Toronto Star - May 5, 1991

"Movie wastes Follows's talent"
Greg Quill

Following the yellow brick road from Avonlea to Hollywood can lead a young ingenue through some pretty rough country.

Pity poor Megan Follows, desperately in need of some grittier acting credentials than those she has earned as the ageless and perpetually innocent Anne Of Green Gables.

She must have wondered what she'd let herself in for when she started work on Cry In The Wild: The Taking Of Peggy Ann.

The young Canadian star, in her first major U.S. network vehicle, has reason now to wonder whether she has won any new professional points at all, having done little more than allow herself to be dragged through dense old logging forests for days on end by a deranged woodsman. A rag doll might have suited her part as well.

The made-for-TV movie, airing tomorrow night at 9 on Channel 57 and Buffalo's Channel 2, is a strange and disorienting, one-thread narrative based on the real-life abduction, in 1966, of a young Pennsylvania schoolgirl from the home of her poor parents outside the hamlet of Shade Gap.

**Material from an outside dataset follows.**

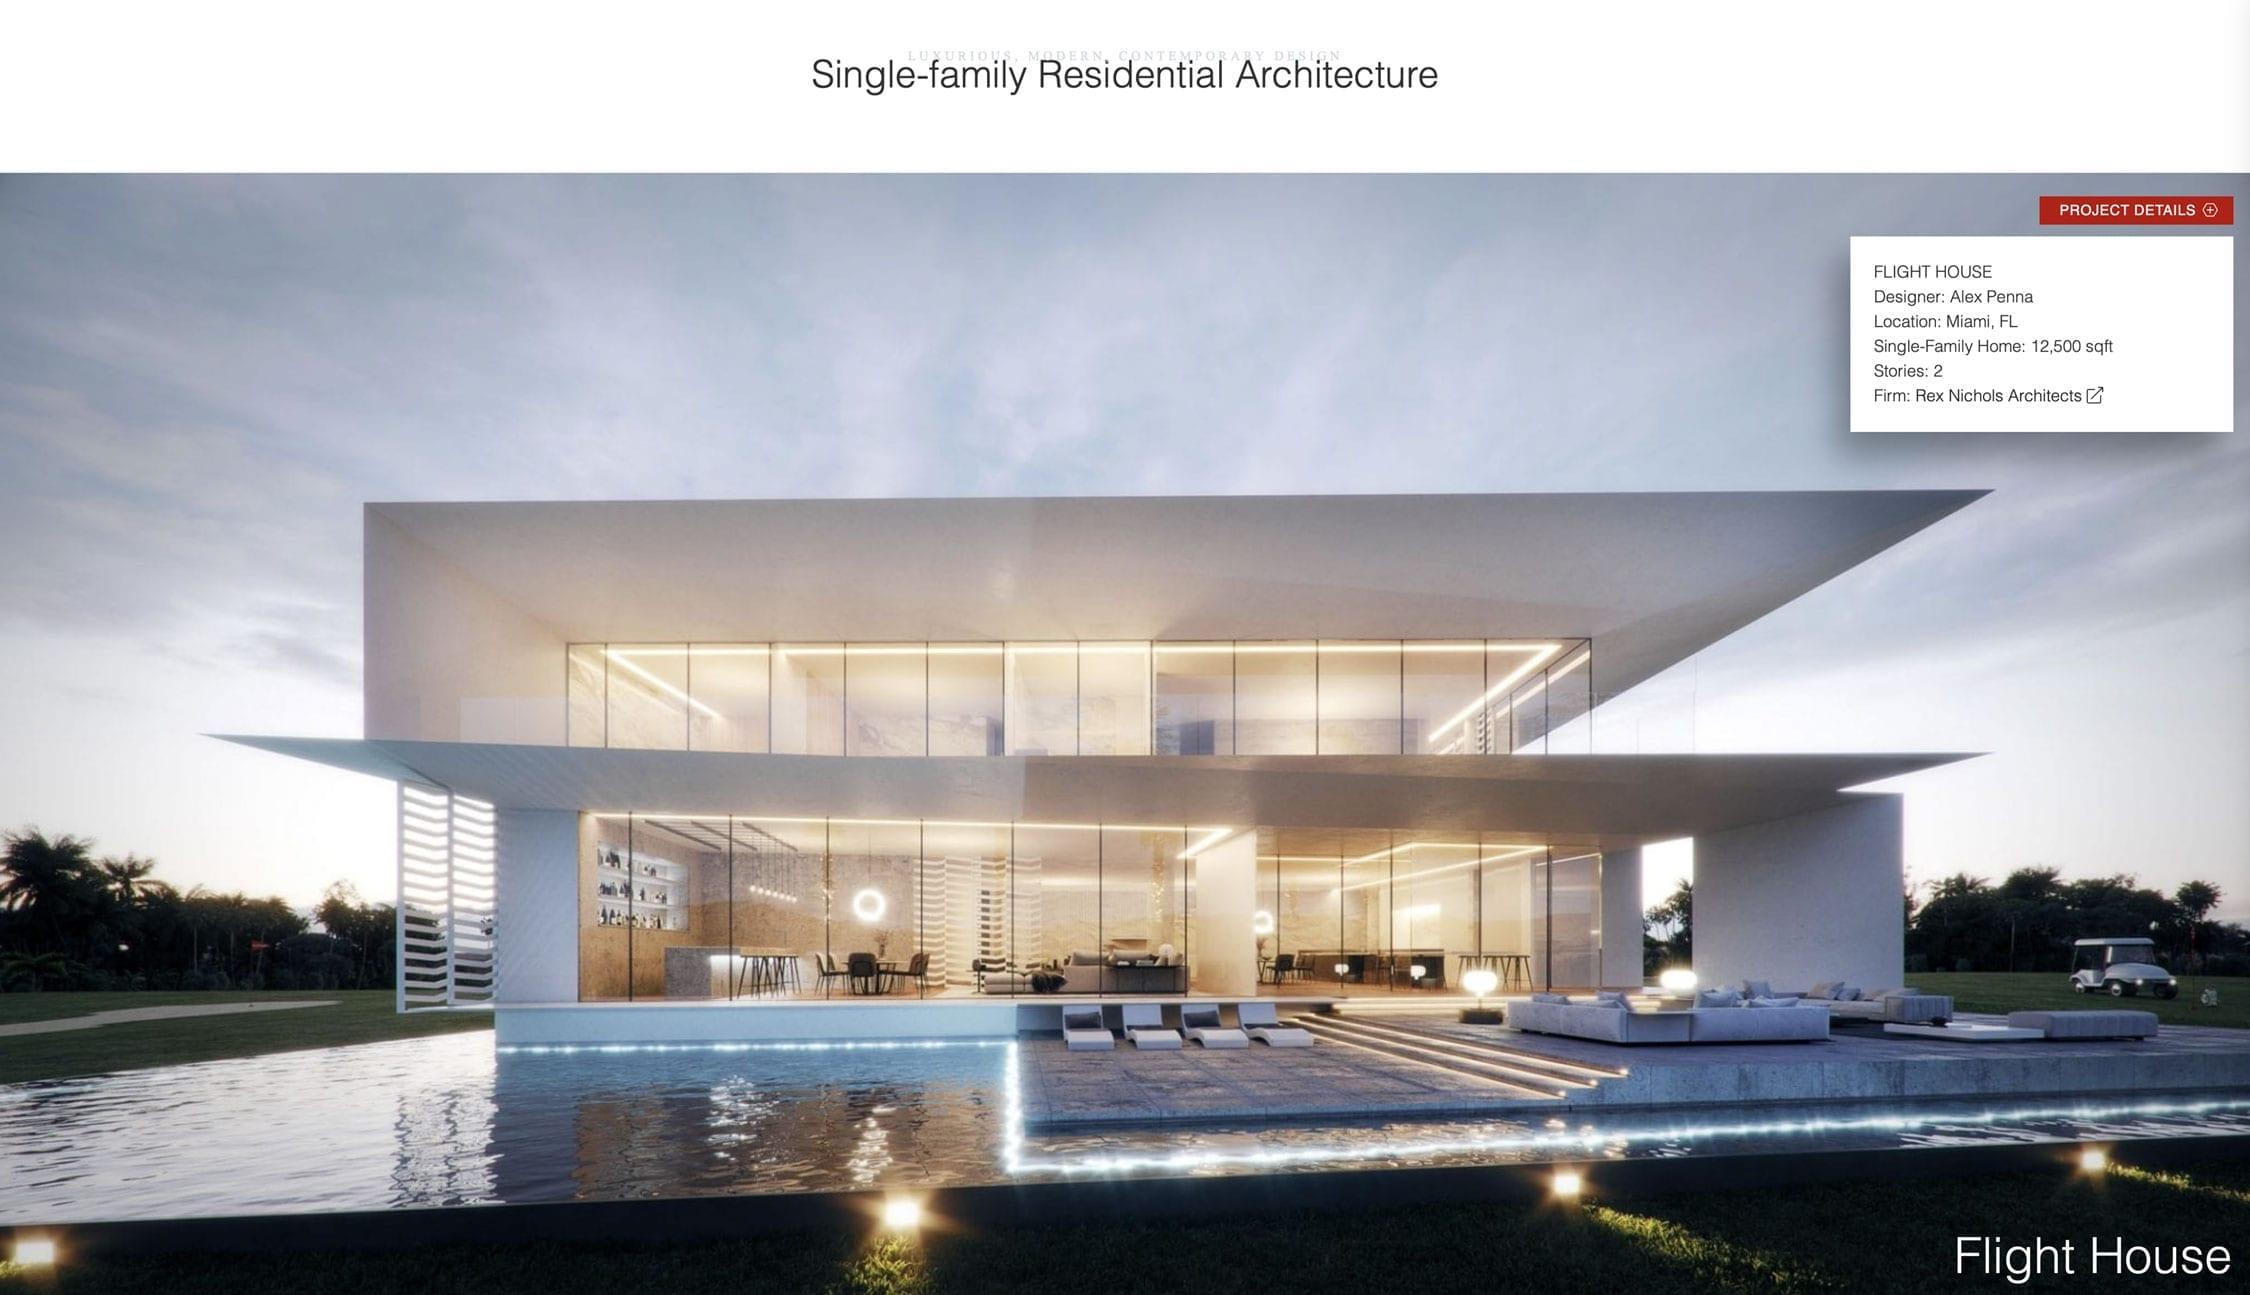 sli-Project-gallery-swedroearch-004

For more than a week Peggy Ann Brudnick was held captive in the woods by a reclusive and psychopathic felon known only to locals as "Bicycle Pete," played here by former St. Elsewhere good guy David Morse, albeit in grotesque makeup and rotted teeth that make him utterly unrecognizable.

Morse may have known that abundant cosmetics can often cover a multitude of sins, including a script (by Durrell Royce Crays) that allows for virtually no character development and provides no great emotional punches.

It unrolls in a straight line, like a toilet paper roll unfurling down a corridor, sacrifices a couple of noble tracking dogs and a decent FBI agent (a cipher, really, rendered in a pay-the-rent cameo by Starsky And Hutch's David Soul), and ends with the inevitable and bloody shoot-em-up on a muddy farm.

Follows, when she's allowed to act, acts convincingly, even if her accent is more Delta than Appalachian.

The subject matter of Cry In The Wild and the constant threat of inhuman violence may keep some viewers glued. In fact, it's disappointing as drama, and a hollow confection that leaves you wondering: Is that all there is?